Erfasst von der Trauer, überforderte uns der riesige Berg an Aufgaben, der sich vor uns auftürmte. Gross war das Bedürfnis, einen Menschen zu finden, der uns an die Hand nimmt.
Meine Schwester kannte über ein paar Ecken die Bestatterin Ursula Stäheli. Stäheli sei keine «normale» Bestatterin, die «die Sache» übernehmen und uns aus allem raushalten würde, sagte mir meine Schwester. Sie würde zum Beispiel mit den Angehörigen zusammen die toten Menschen umkleiden. Zu diesem Zeitpunkt nahm ich diese Information einfach auf, ohne weiter darüber nachzudenken.
Bereits am Todestag unserer Mutter telefonierten meine Schwester und ich mit Ursula Stäheli. Sie half uns, an alles Notwendige zu denken: Wir sollten zum Beispiel Kleider für unsere Mutter aussuchen, um sie für die Aufbahrung umziehen zu können, oder sie fragte nach der Lieblingsfarbe unserer Mutter, um den Sarg mit wattiertem Baumwollstoff auszukleiden: Dunkelgrün.
Wir kannten nun die nächsten Schritte, auf dem Berg der Aufgaben zeichnete sich ein Weg ab.
«Tod und Trauer sind menschliche Emotionen»
Ursula Stäheli hat 30 Jahre lang als evangelisch-reformierte Pfarrerin und Seelsorgerin gearbeitet. 2012, mit 47 Jahren, hat sie sich als Bestatterin selbständig gemacht. Sie wollte mit ihrem Wissen aus Seelsorge und systemischer Familienarbeit die Aufgabe der Bestatterin auf ihre eigene Art ausführen: Die Angehörigen in ihre Arbeit einbinden, damit sie in Kontakt mit dem Tod kommen und sie den Verlust und die Trauer besser verarbeiten können.
Stäheli ist der Meinung, dass «das in Kontakt kommen» heilsam ist für die Verarbeitung der Trauer. Man solle dem Tod nicht aus dem Weg gehen. Und sie findet: «Tod und Trauer sind menschliche Erfahrungen, aber der Umgang damit ist verloren gegangen. Deshalb braucht es eine kundige Führung.» Grundsätzlich seien wir aber so ausgestattet, dass wir mit dem Verlust eines Menschen umgehen können.
Ihre Arbeit sieht sie als etwas Natürliches und Einfaches, sie organisiere kein Spektakel oder grossen Event. «Der Tod gehört zu unserem Leben wie die Geburt», sagt Stäheli. Deshalb sei auch er etwas Grosses, Heiliges und Natürliches.
Weinen
Einen Tag nach dem Tod meiner Mutter durchsuchten meine Schwester und ich ihren Kleiderschrank nach passenden Kleidern. Sie mochte Farben, darum wollten wir etwas Farbenfrohes in ihren Lieblingsfarben. Wir entschieden uns für ein farbiges Wollkleid, darunter ein violetter Rollkragenpullover und Hosen.

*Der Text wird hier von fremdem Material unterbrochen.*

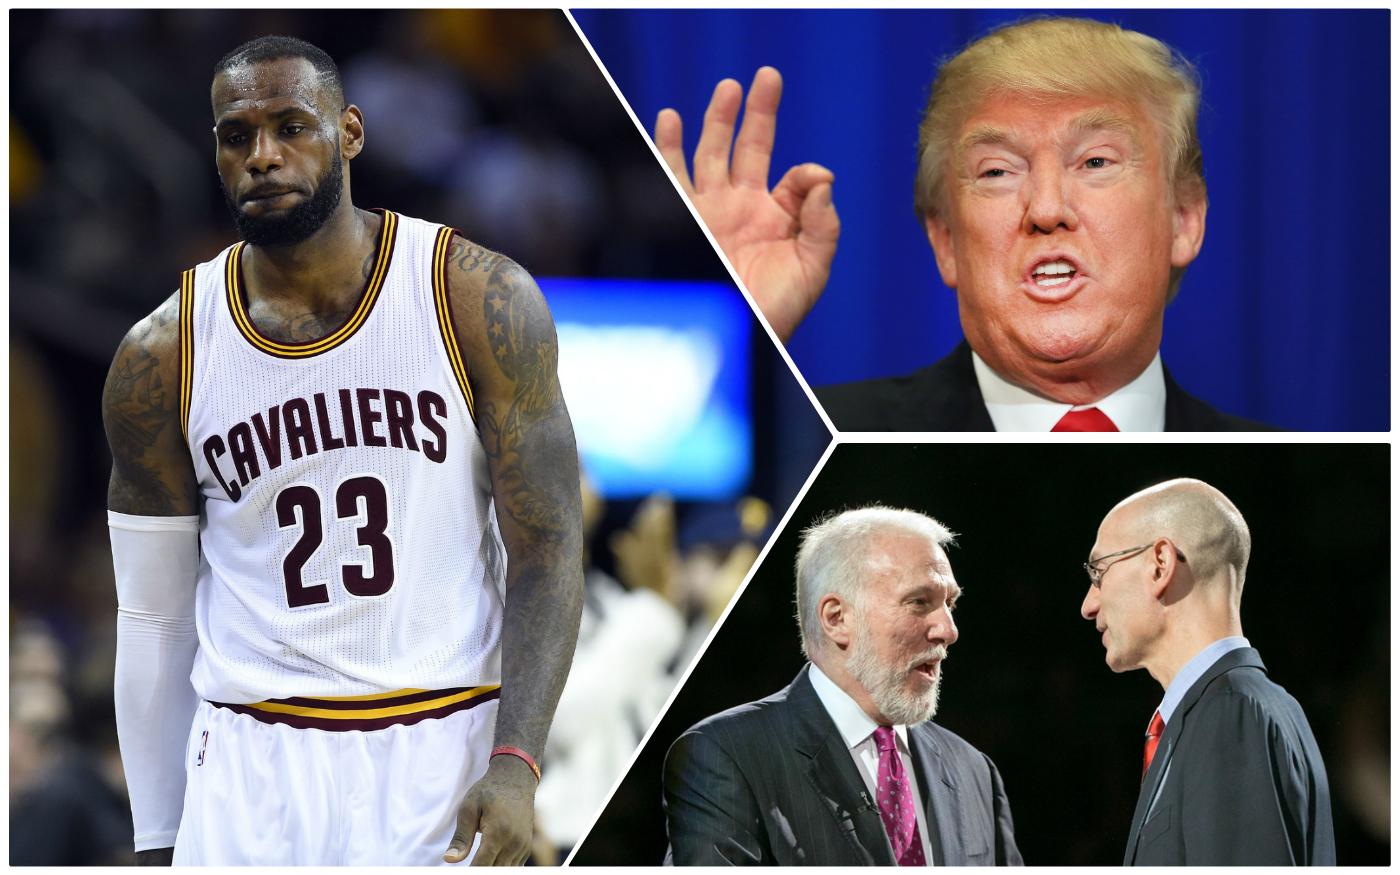 Trump vainqueur, LeBron battu : ce qu'on a retenu de la nuit

Im Spital haben meine Schwester und ich Ursula Stäheli das erste Mal persönlich getroffen. An ihre Sätze nach unserer Begrüssung denke ich noch heute, wenn die Trauer mich überwältigt:
Weinen sei eine sinnvolle körperliche Reaktion. Wellen des Weinens, die einen erfassen, solle man durchfliessen lassen und dabei Augen und Mund offen halten. Nicht bekämpfen, nicht herunterschlucken. Die Wellen der Trauer könnten so einfacher kommen und wieder gehen. «Das Nervenkostüm kann sich mit diesen Tränen abreagieren, um all das, was in diesem Moment für uns zu viel ist, loszulassen», sagte sie.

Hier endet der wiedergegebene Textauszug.